Park S K, Kim B K, Shin D S
Department of Emergency Medical Technology, Gachon University of College of Health Science, 119 Hambakmoe-ro, Yeonsu-gu, Incheon 406-799, South Korea, incheon, Korea, Republic Of.
Folia Morphol (Warsz). 2020;79(1):156-161. doi: 10.5603/FM.a2019.0045. Epub 2019 Apr 17.
Quick and large-scale segmentation along with three-dimensional (3D) reconstruction is necessary to make precise 3D musculoskeletal models for surface anatomy education, palpation training, medical communication, morphology research, and virtual surgery simulation. However, automatic segmentation of the skin and muscles remain undeveloped.

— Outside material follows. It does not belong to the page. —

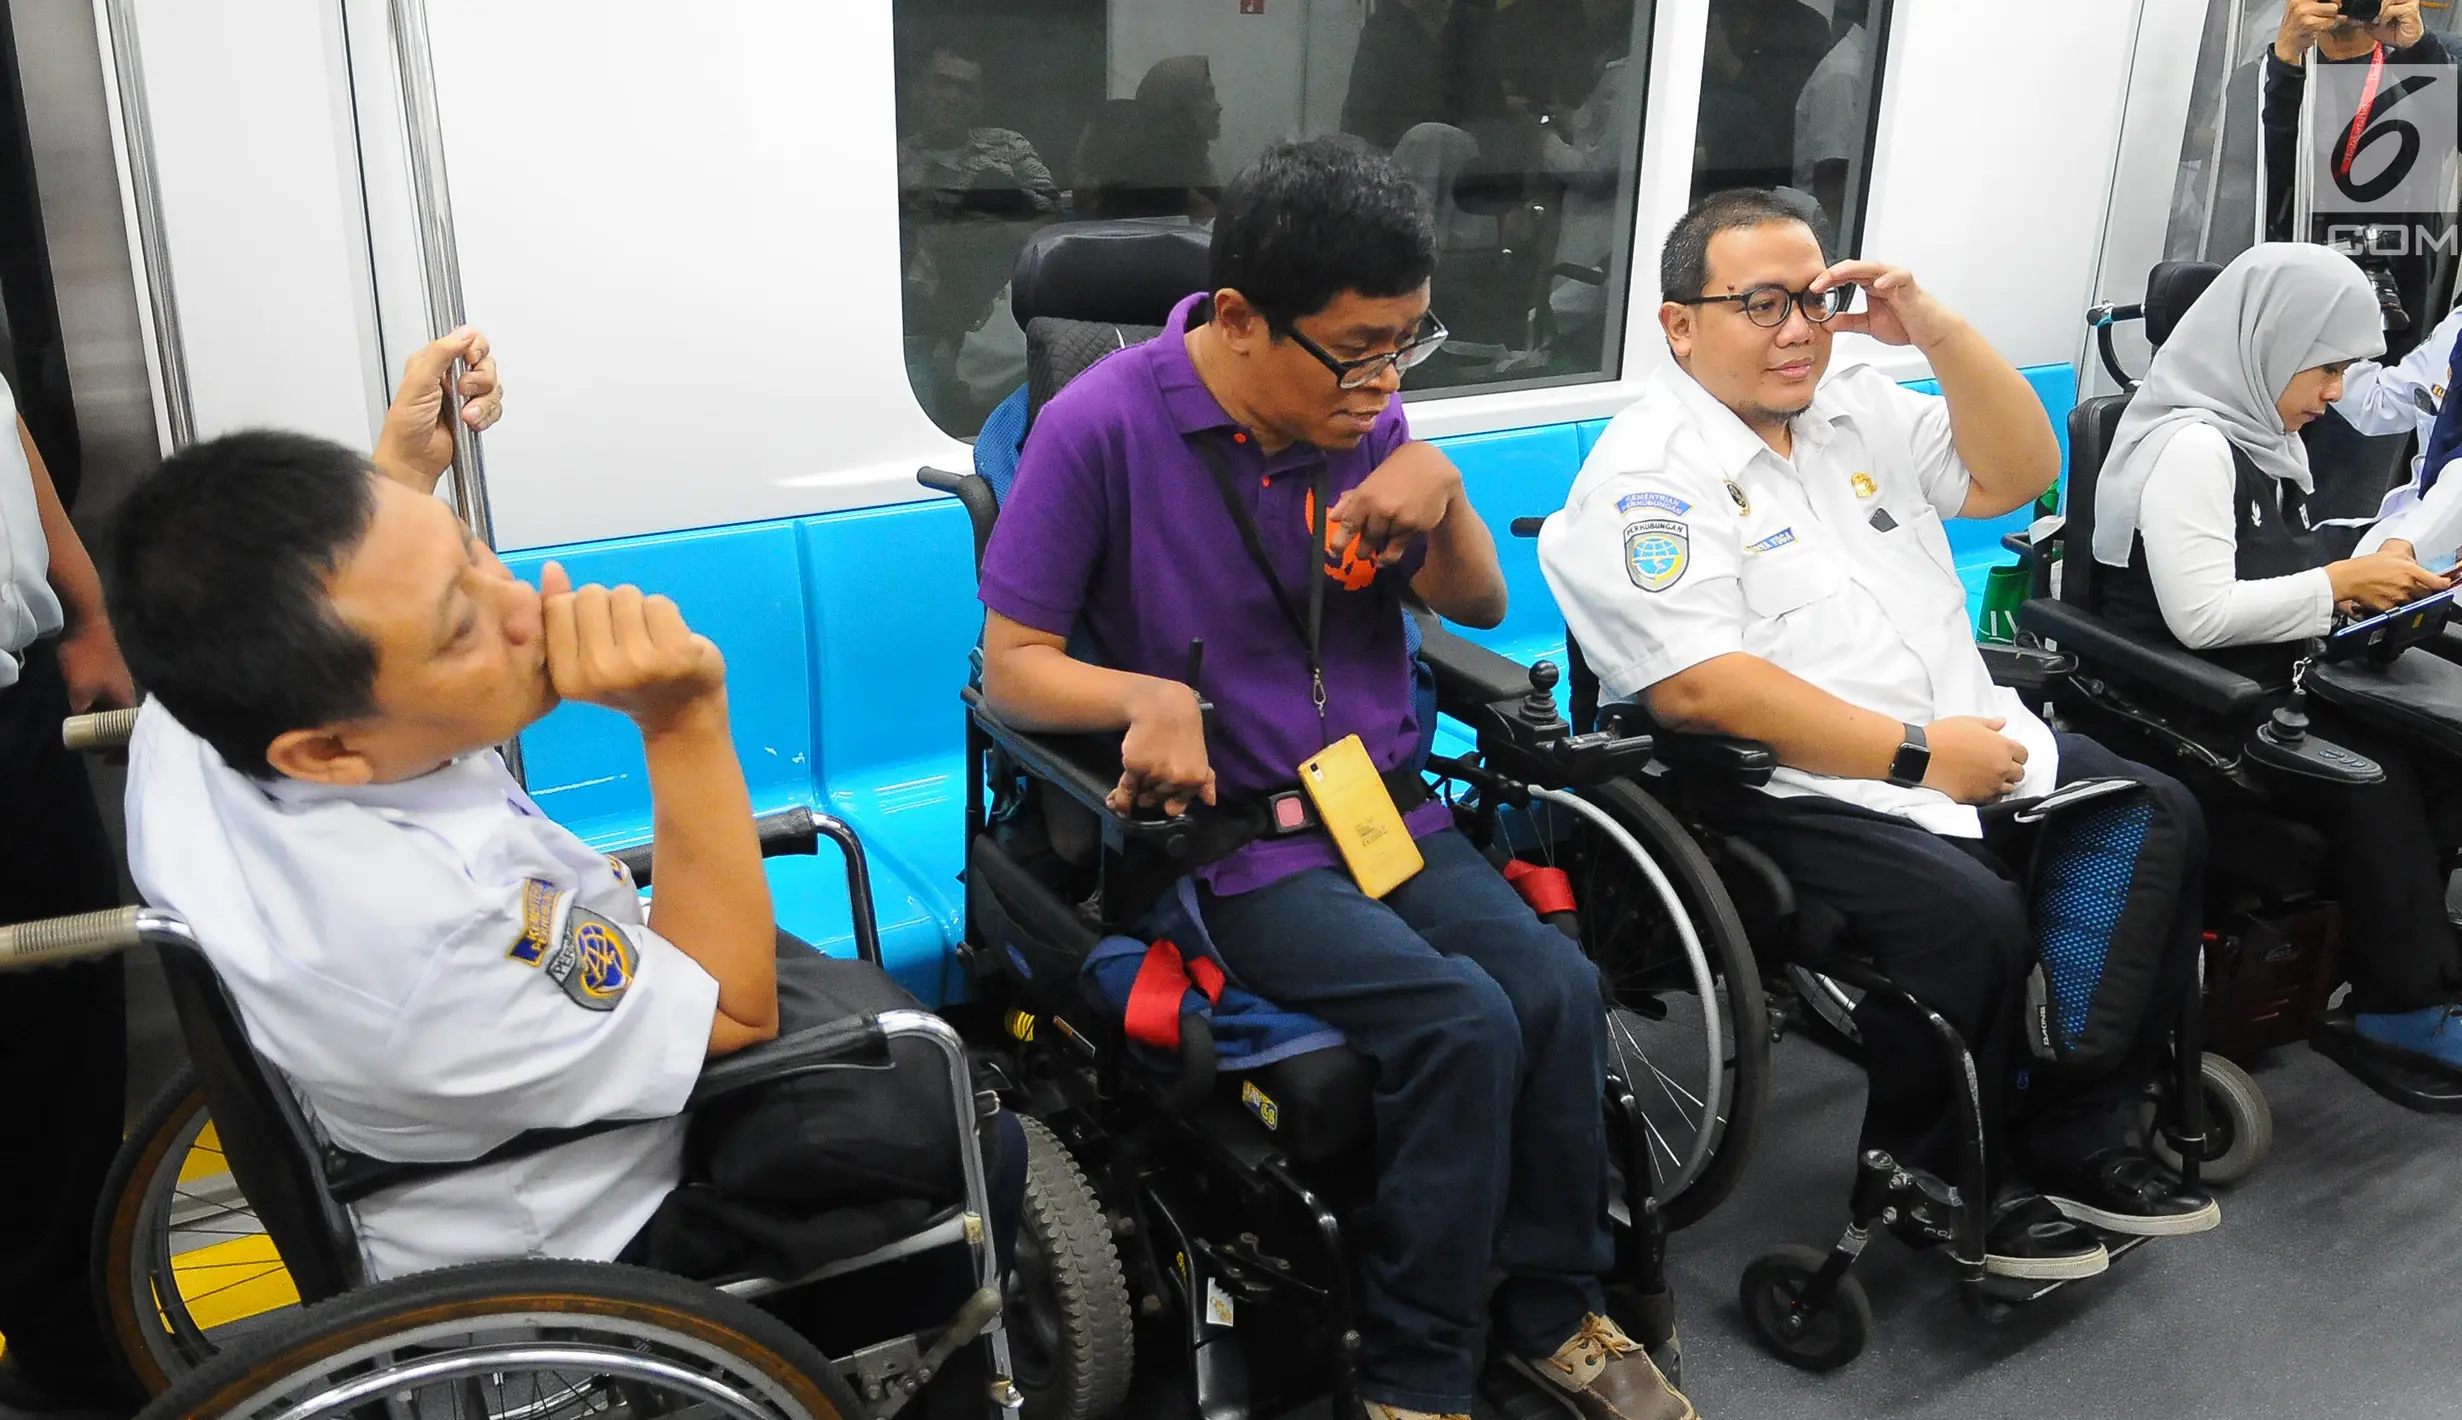 Foto Penyandang Disabilitas Dapat Menikmati Fasilitas Mrt Foto 4018
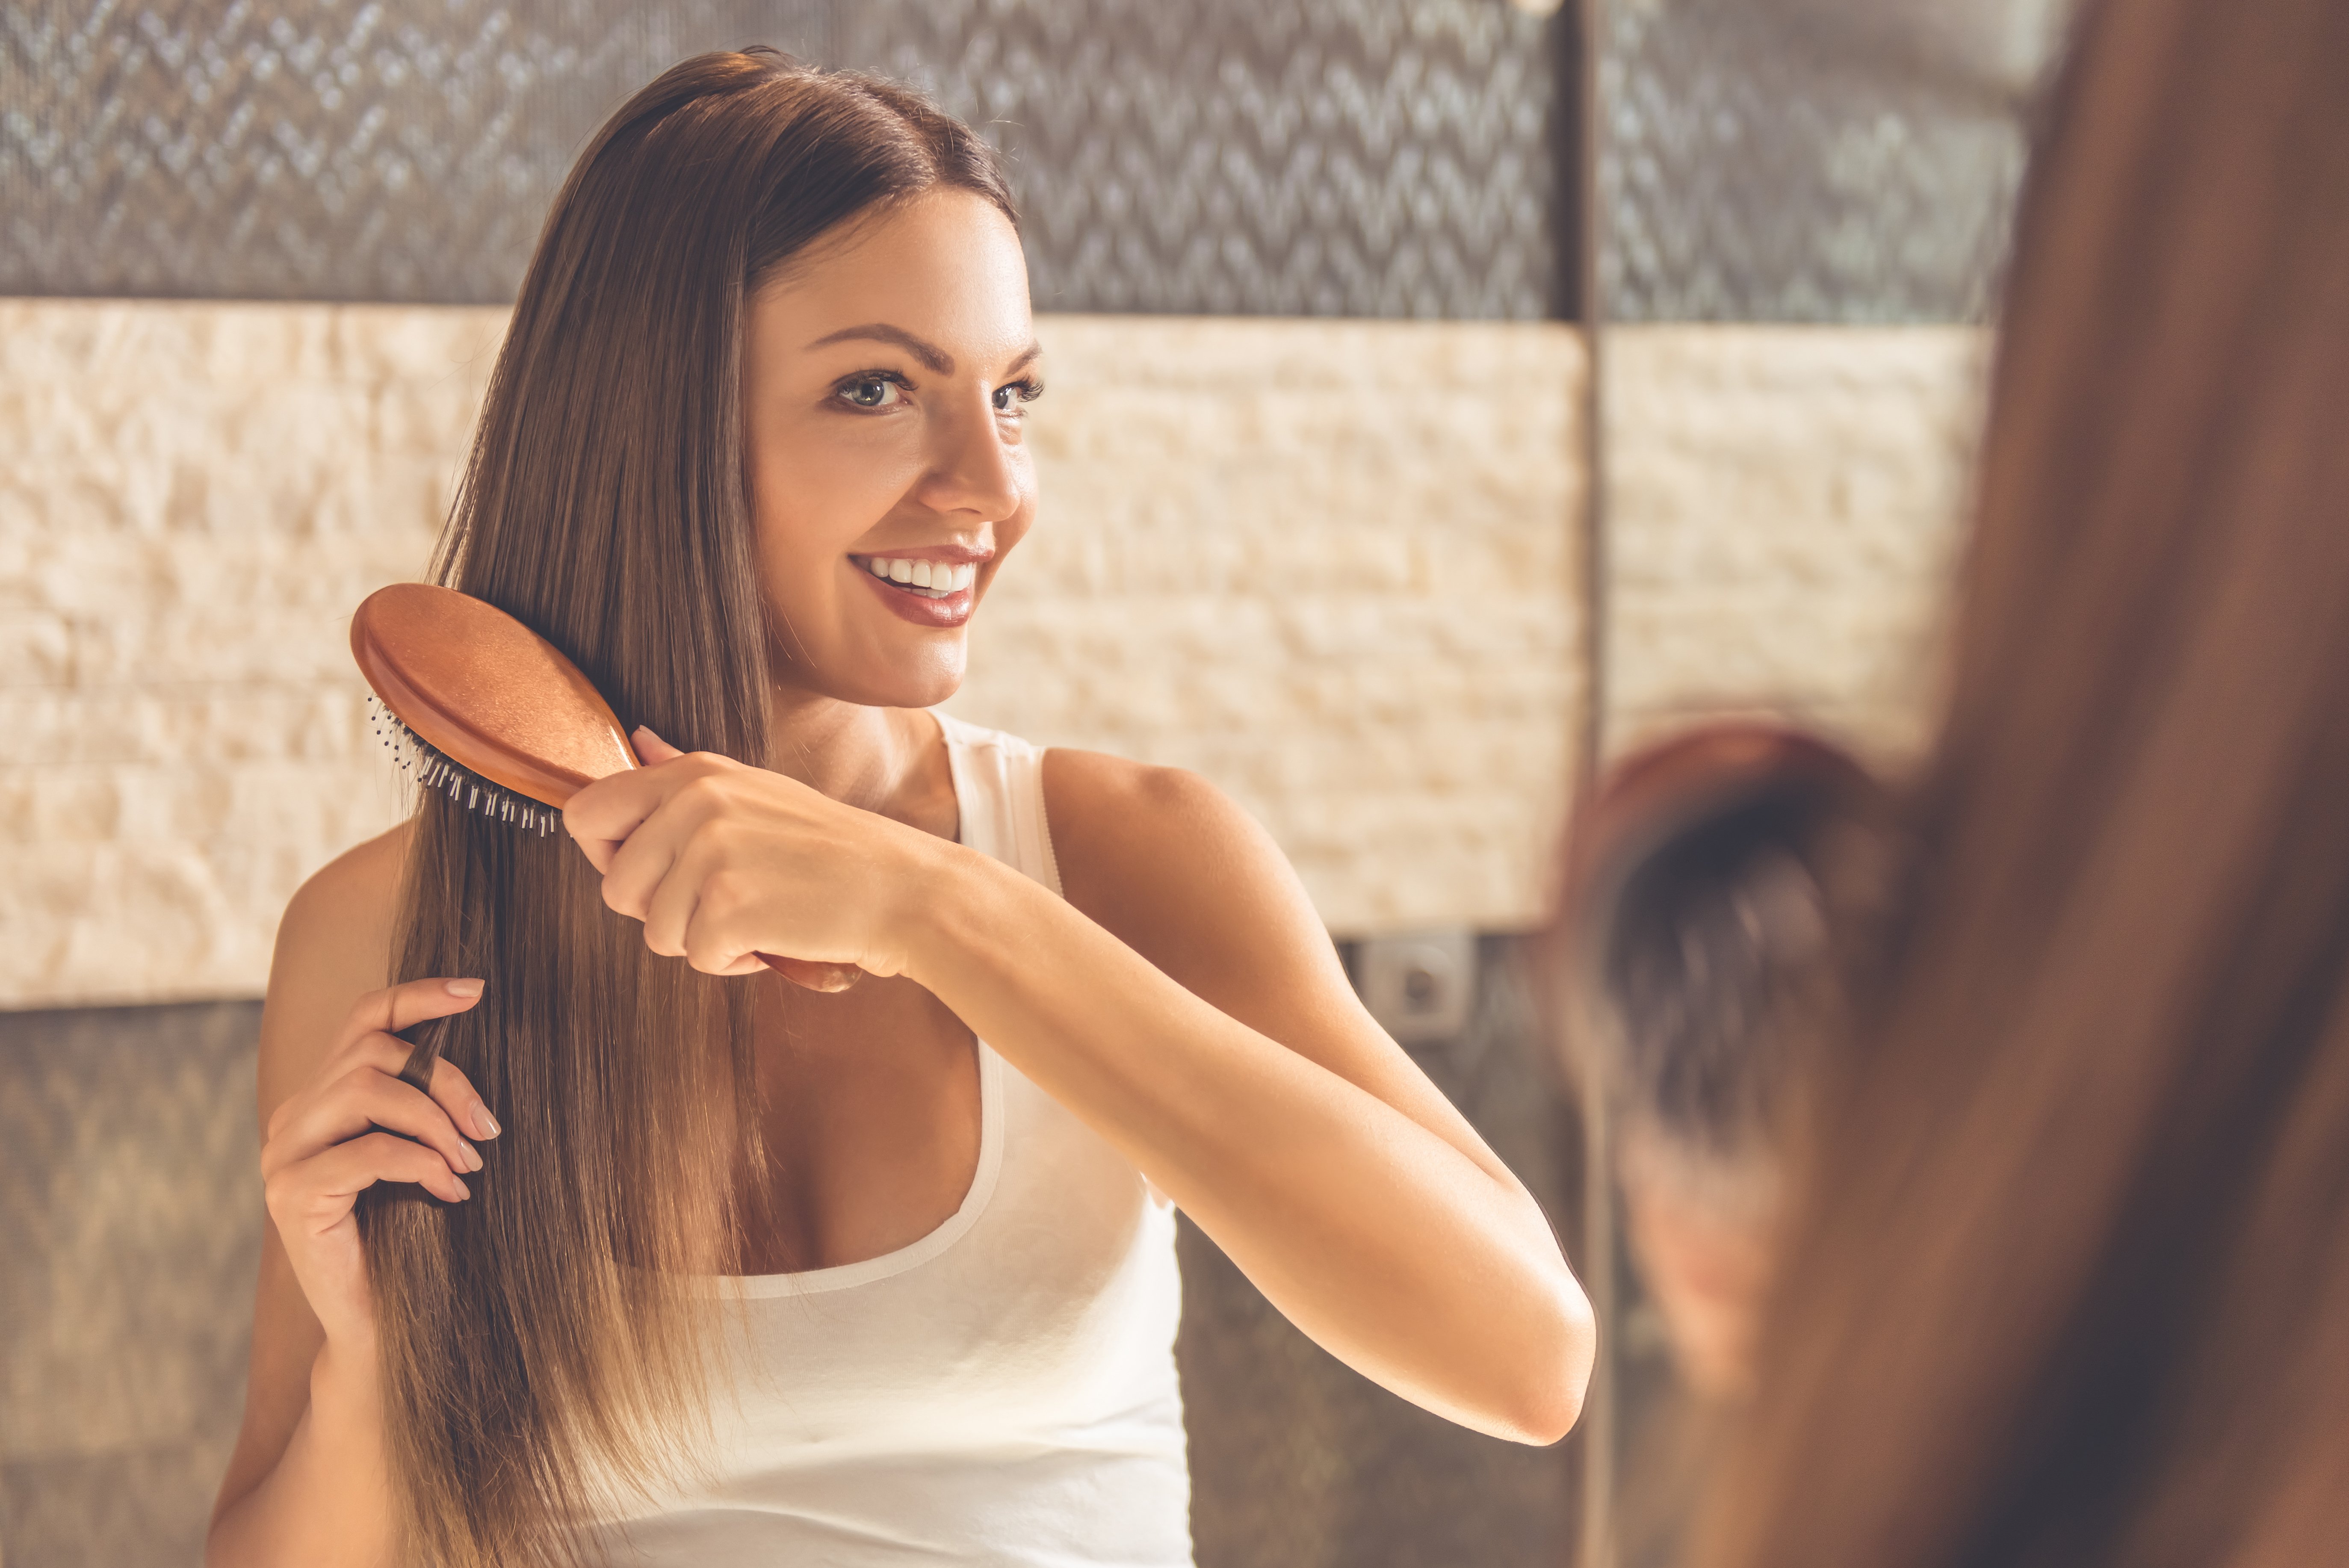 Schöne junge Frau kämmt ihre Haare | Quelle: Shutterstock

Therefore, in this study, we developed workflows for semi-automatic segmentation and surface reconstruction, using rotoscoping and warping techniques.
The techniques were applied to multi detector computed tomography images, which were optimised to quickly generate surface models of the skin and the anatomical structures underlying the fat tissue.
The workflows developed in this study are expected to enable researchers to create segmented images and optimised surface models from any set of serially sectioned images quickly and conveniently. Moreover, these optimised surface models can easily be modified for further application or educational use.
为了制作用于表面解剖学教育、触诊训练、医学交流、形态学研究和虚拟手术模拟的精确三维肌肉骨骼模型,快速大规模分割以及三维重建是必要的。然而,皮肤和肌肉的自动分割仍未得到充分发展。
因此,在本研究中,我们使用图像描摹和变形技术开发了半自动分割和表面重建的工作流程。
这些技术应用于多探测器计算机断层扫描图像,这些图像经过优化,可快速生成皮肤和脂肪组织下方解剖结构的表面模型。
本研究中开发的工作流程有望使研究人员能够从任何一组连续切片图像中快速方便地创建分割图像和优化的表面模型。此外,这些优化的表面模型可以很容易地修改以用于进一步的应用或教育用途。